They keep talking about it being available to the "blizzard community" etc.
Valve have Icefrog and it was his idea to get the trademark and make dota 2.
And icefrog is the authority when it comes to Dota, since he did most of the work. Blizz has no say in this since none of their employees were even part of the development process.

Anah said:
Somehow I can't see myself believing Blizzards mentioning this out of love for the community. Feels like an attempt at a "be the good guy" stunt to me.

... though I was a little curious about Valve and the whole trademarking DotA, all things considered (community focused project, etc...)
They seem to be doing the same thing they did with counter strike and Tf and portal.
They hire the modteam and trademark it.
Counter strike was a mod once too. And now valve owns the devs and trademark.
CS TF and Portal were all mods to Valve games though.
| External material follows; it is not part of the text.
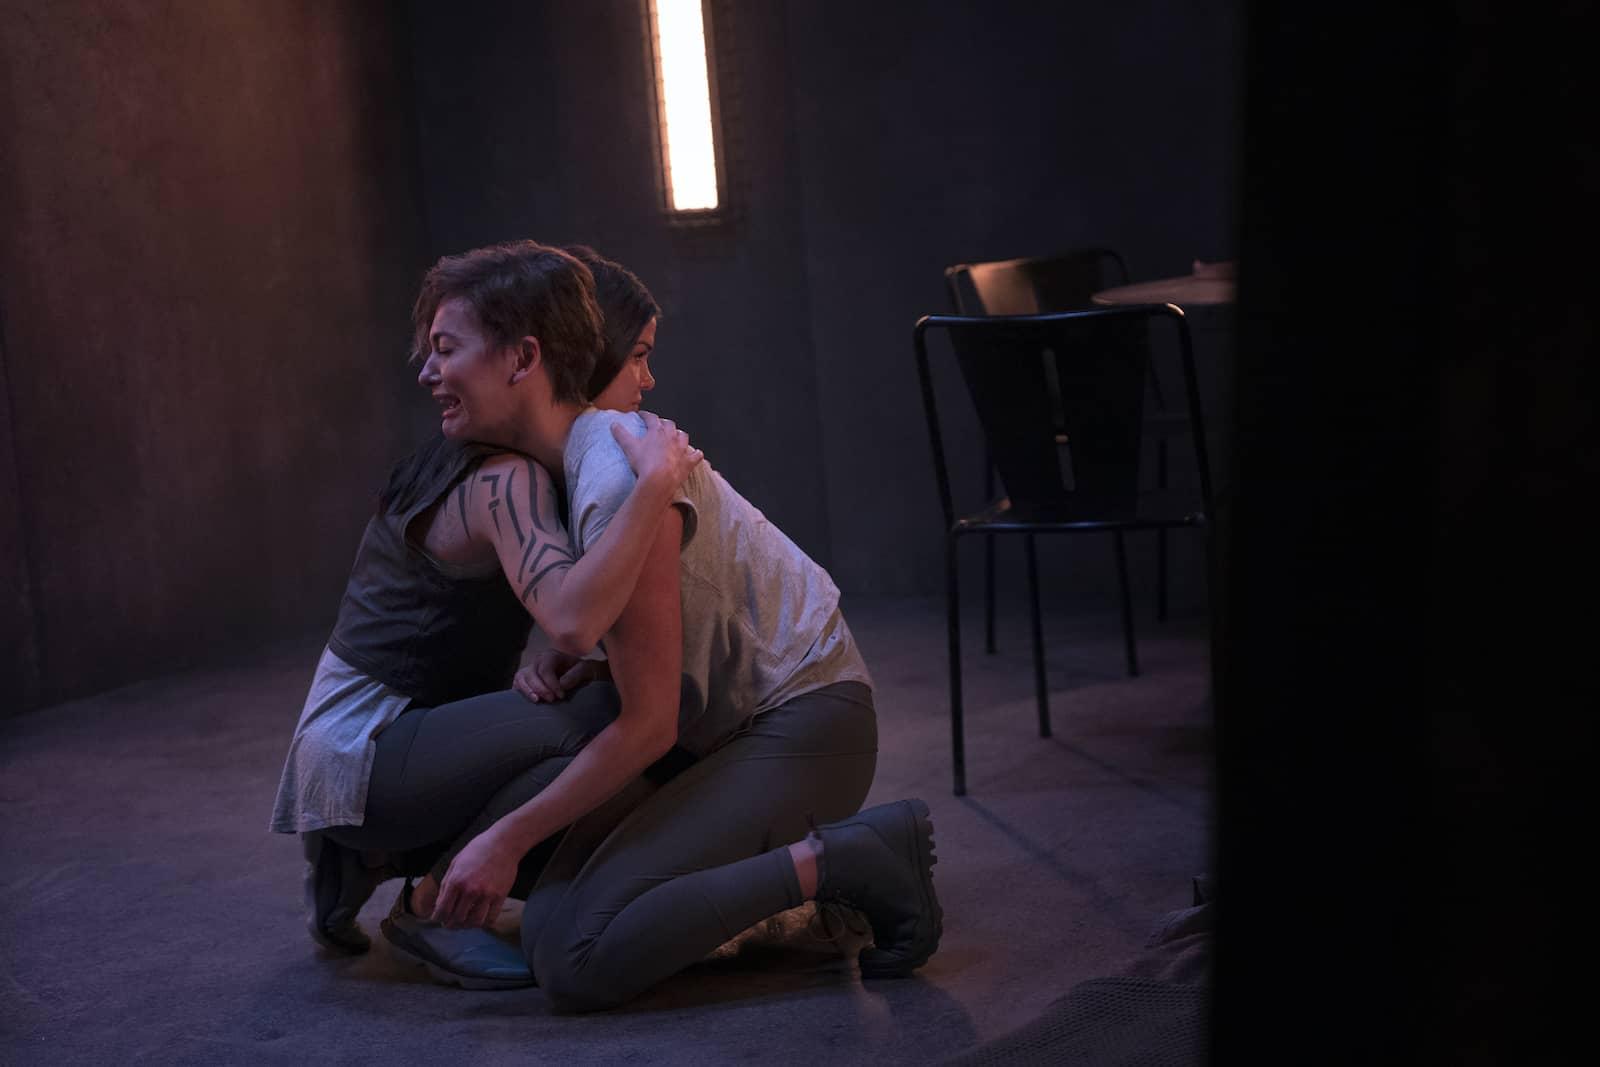 Marie Avgeropoulos como Octavia y Tasya Teles como Echo
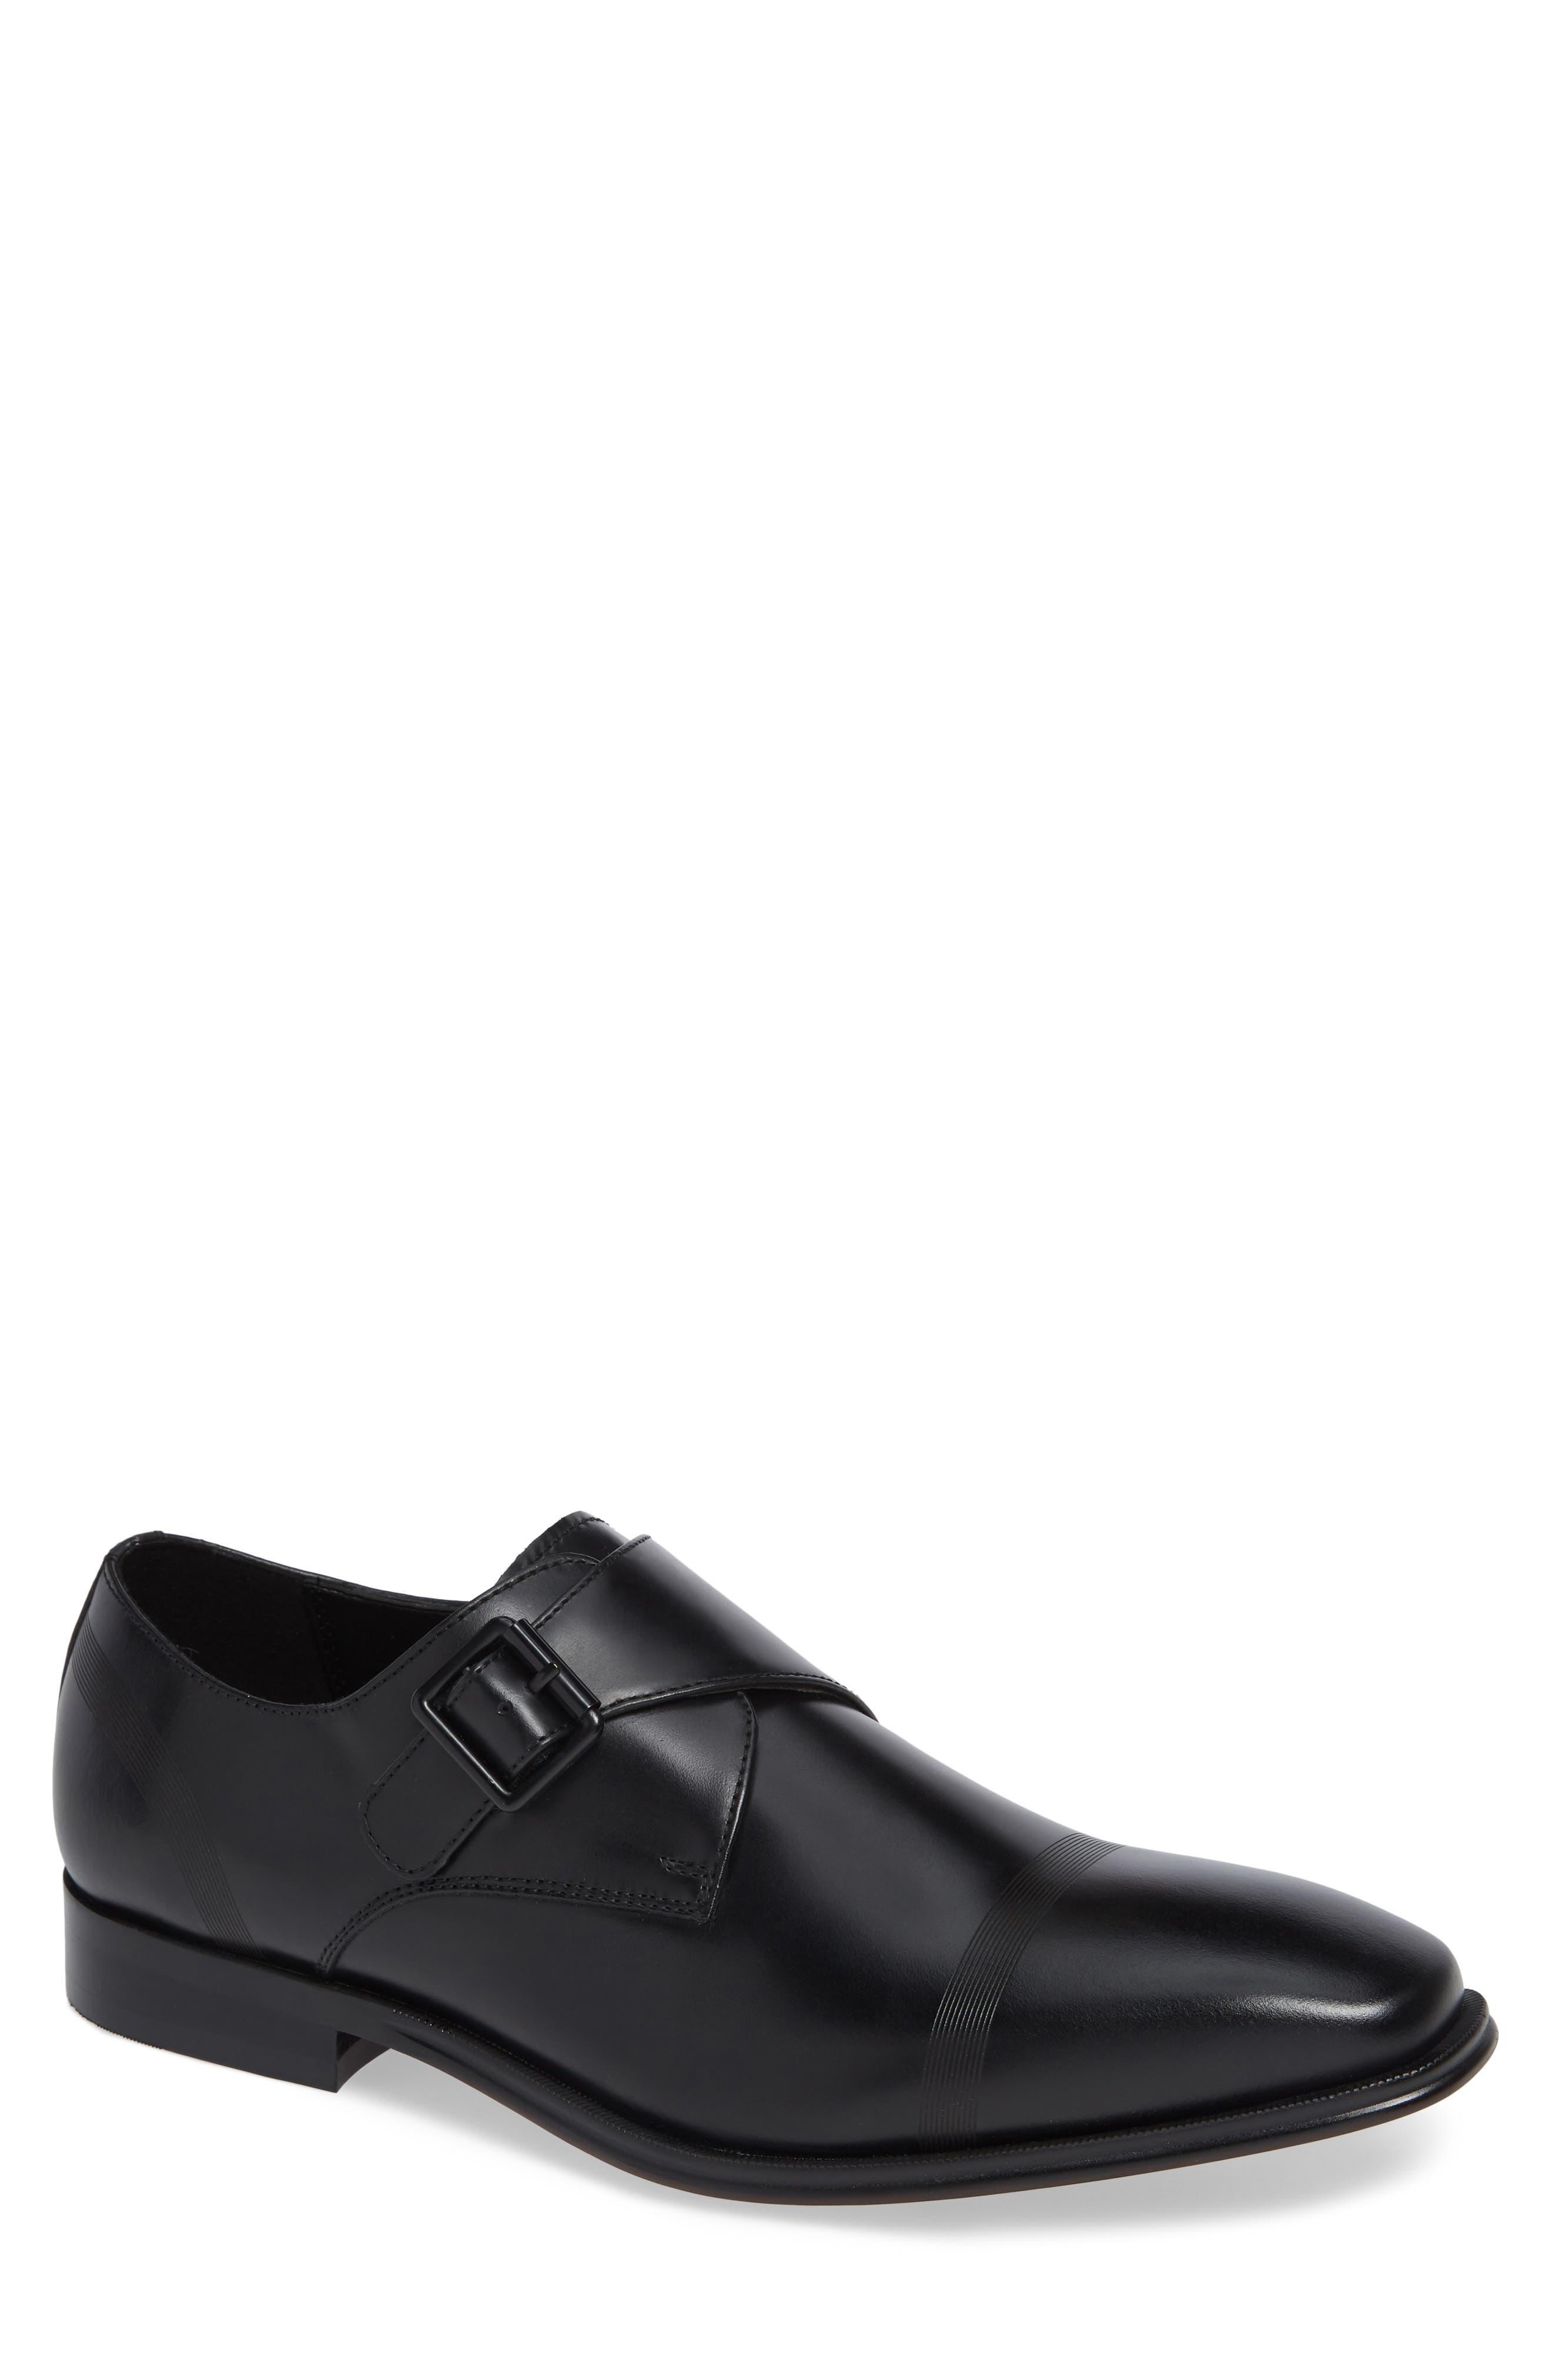 Pure Monk B Monk Shoe,                         Main,                         color, BLACK LEATHER

DotA is a mod to a Blizzard game, see the difference?
Making a mod to a game doesn't give the team that made the game amny rights on the mod.
Flash games don't belong to adobe.
The important thing is that valve hired the team.
Also Portal a valve game mod? lol
http://half-life.wikia.com/wiki/Narbacular_Drop
ok, my bad on Portal.

But my point is still this:

By hiring the mod makers from their own games, they are just improving on their own product line, and making well established mods to their products even better.

By hiring the mod makers from other games they are doing no such thing. They get good talent.
But what Valve is doing now can be considered an act of hostility towards blizzard.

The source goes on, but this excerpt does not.